The photographer didn't apologize. He backed away into the crowd, tucking the camera against his chest. "Great shot, Cole. Best one of the night. You look like a different person."

"Wait," I said, starting after him, but Elena caught my sleeve.

"Jasper, let it go," she whispered. She looked shaken, her hands trembling as she smoothed the silk of her dress. "It’s just a photo. Everyone’s been taking them all night."

"No, that was... that wasn't the same," I said. My heart was thumping against my ribs, but not with the warmth of the dance. It was the cold, jagged panic of someone who had just realized they’d left the front door unlocked. "I need to see it."

"Why does it matter so much?" Elena asked, her brow furrowing. She searched my face, her voice dropping an octave. "You spend your whole life putting your face on screens.
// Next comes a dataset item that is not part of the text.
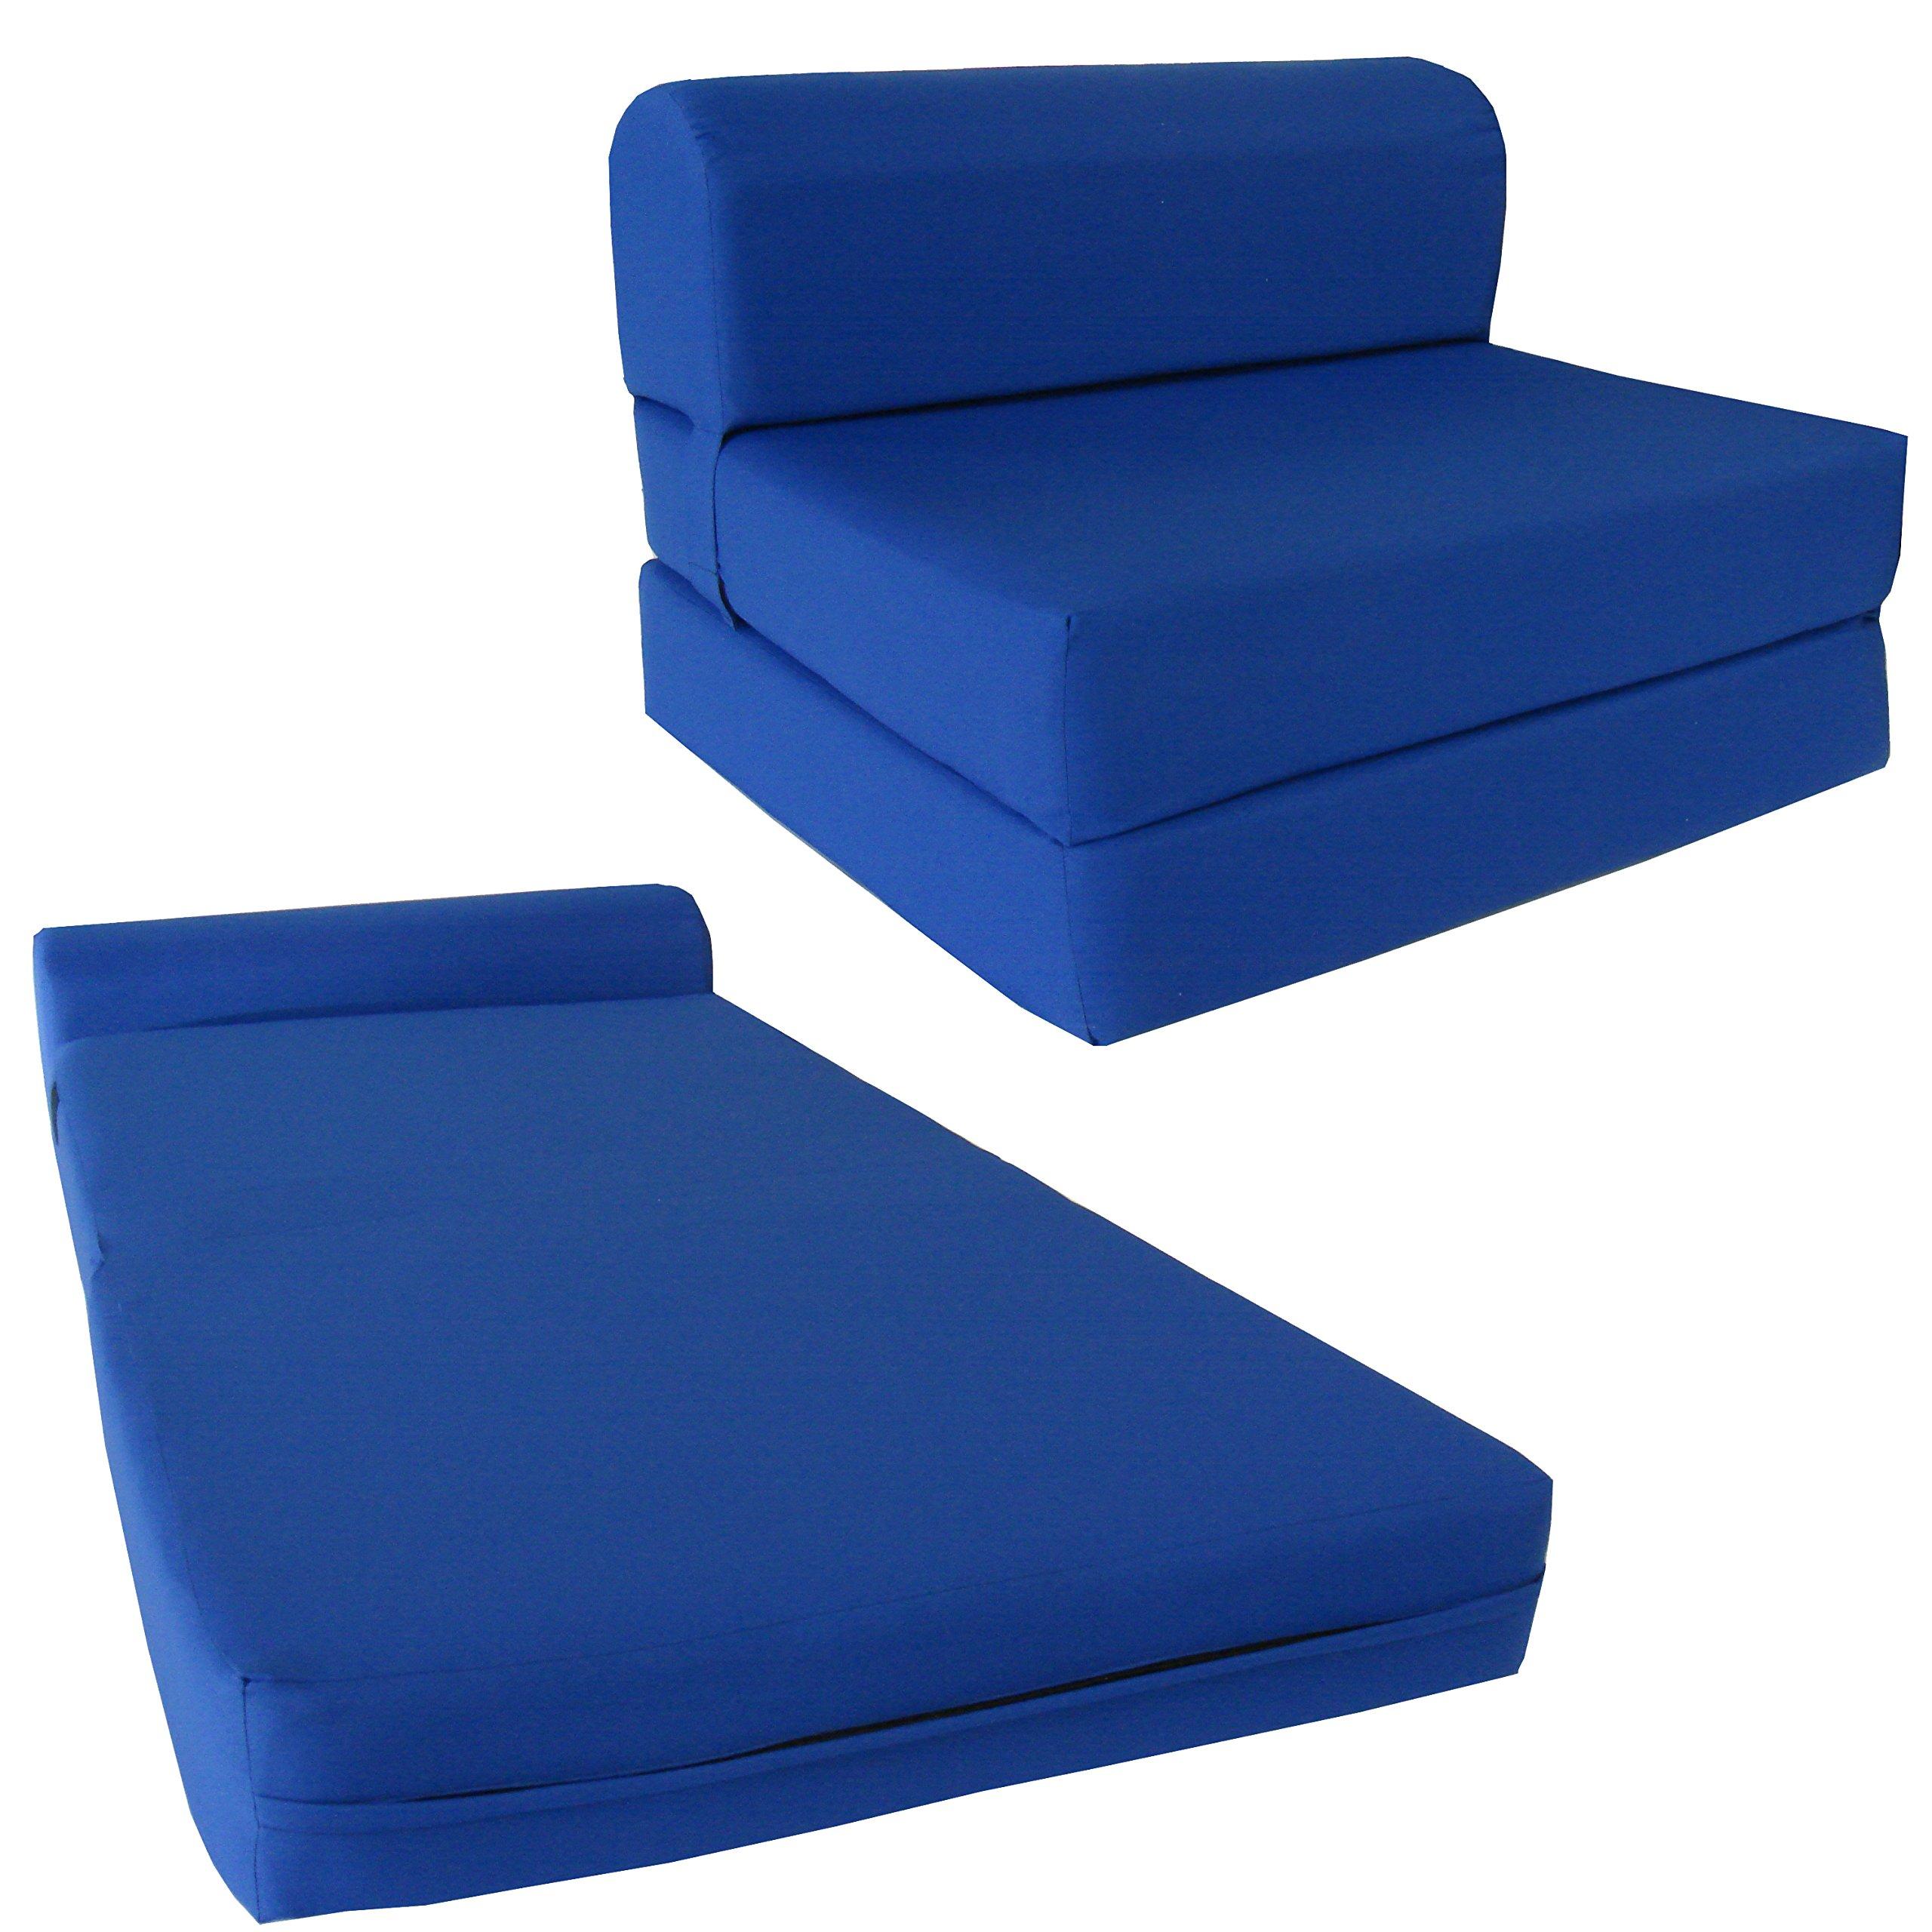 Chair Folding Foam Bed, Studio Sofa Guest Folded Foam Mattress (6'' x 58'' x 74'', Royal Blue)

Why are you so scared of one candid shot?"

I couldn't tell her the truth. I couldn't tell her that for a split second, I hadn't been controlling the narrative. I had let the mask slip, and some stranger had captured the one thing I never allowed the public to see: the truth.

"I just like to stay in control of my image, Elena. It's my job." I tried to make it sound light, but it came out sounding brittle.
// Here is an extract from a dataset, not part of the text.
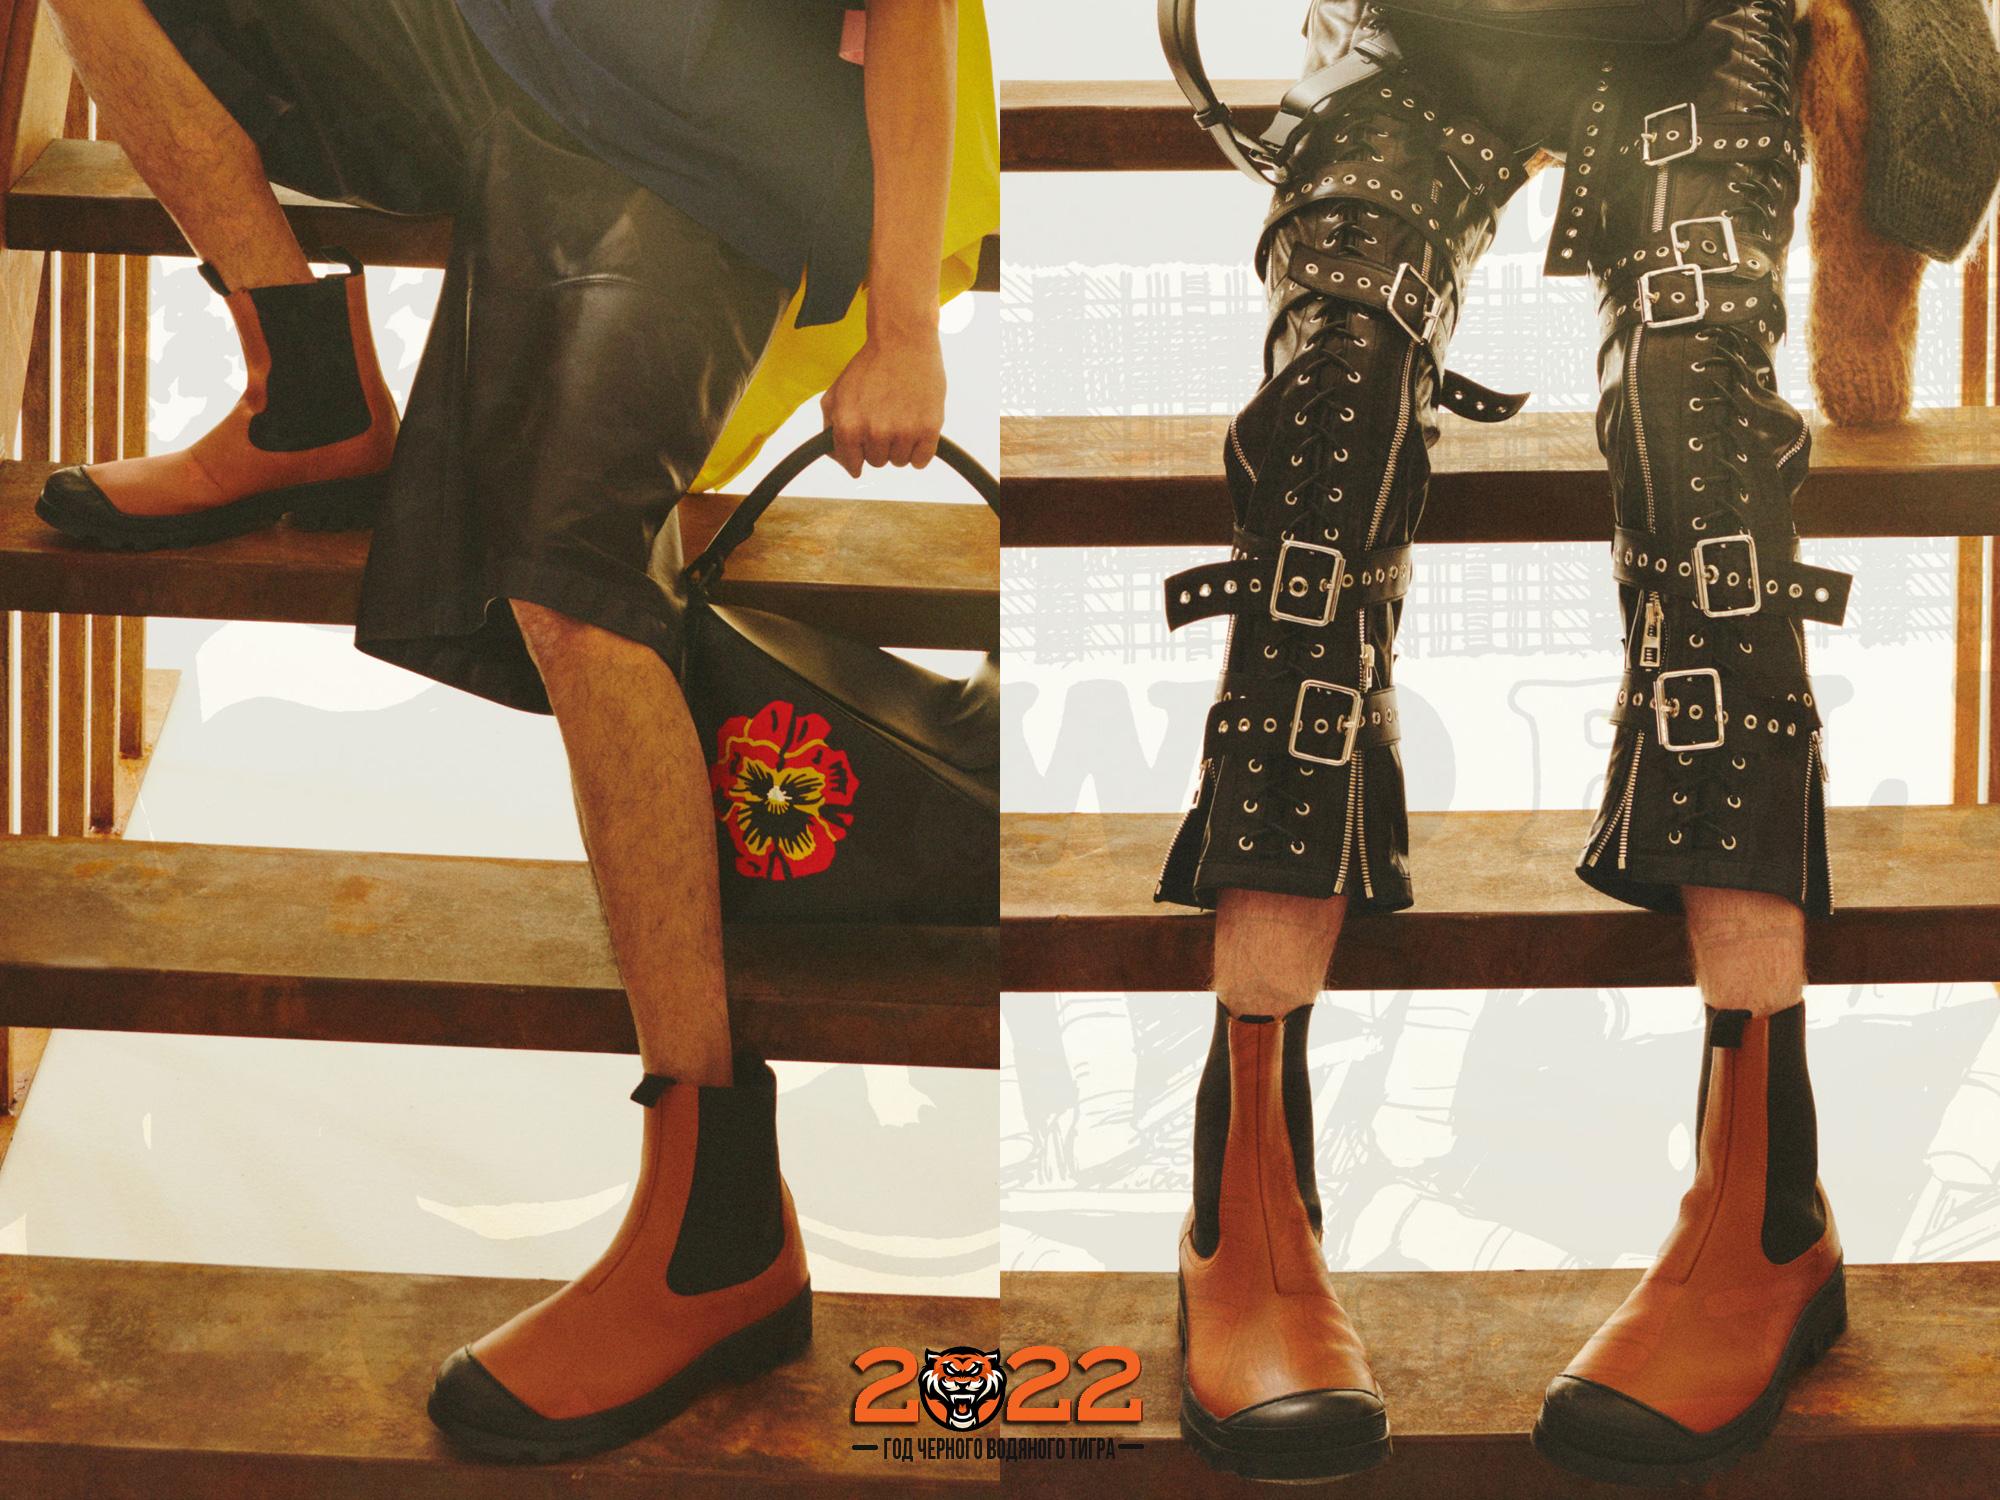 Челси от Loewe - модная мужская обувь на 2022 год

She stepped back, the distance between us suddenly feeling like a canyon. The hope that had been blooming in her eyes just moments ago flickered and went out, replaced by that familiar, guarded caution.

"Your image," she repeated flatly. "Right. I almost forgot who I was dancing with."

"Elena, wait—"

My phone vibrated in my pocket. A heavy, insistent pulse. I ignored it, reaching for her hand, but she pulled away.

"I should go," she said. "I have a morning shift at UCSF. Precision and empathy, remember? I need to go be a doctor."

She turned and walked toward the exit, her emerald dress shimmering under the chandeliers like a fading dream. I stood there, rooted to the spot, feeling the weight of the room pressing in on me.

My phone vibrated again. And again. A frantic, rhythmic buzzing that signaled a notification flood.

I pulled it out. My home screen was a blurred mess of alerts. Twitter, Instagram, TikTok. My mentions were melting down.

I tapped the first link. It wasn't a photo from the gala. It was a video.

The thumbnail showed a screen recording of a private app interface. *The Pursuit.* My app. My logs.

The title of the post, already shared ten thousand times, read: *LIFESTYLE GURU JASPER COLE TREATS WOMEN LIKE DATA POINTS. SEE HIS ‘PROJECT ELENA’ NOTES INSIDE.*

The floor seemed to tilt beneath my feet. The music in the ballroom continued to play, upbeat and grand, but I couldn't hear it anymore. All I could hear was the sound of my own breath, shallow and fast, as I realized the world was about to see exactly what kind of monster I really was.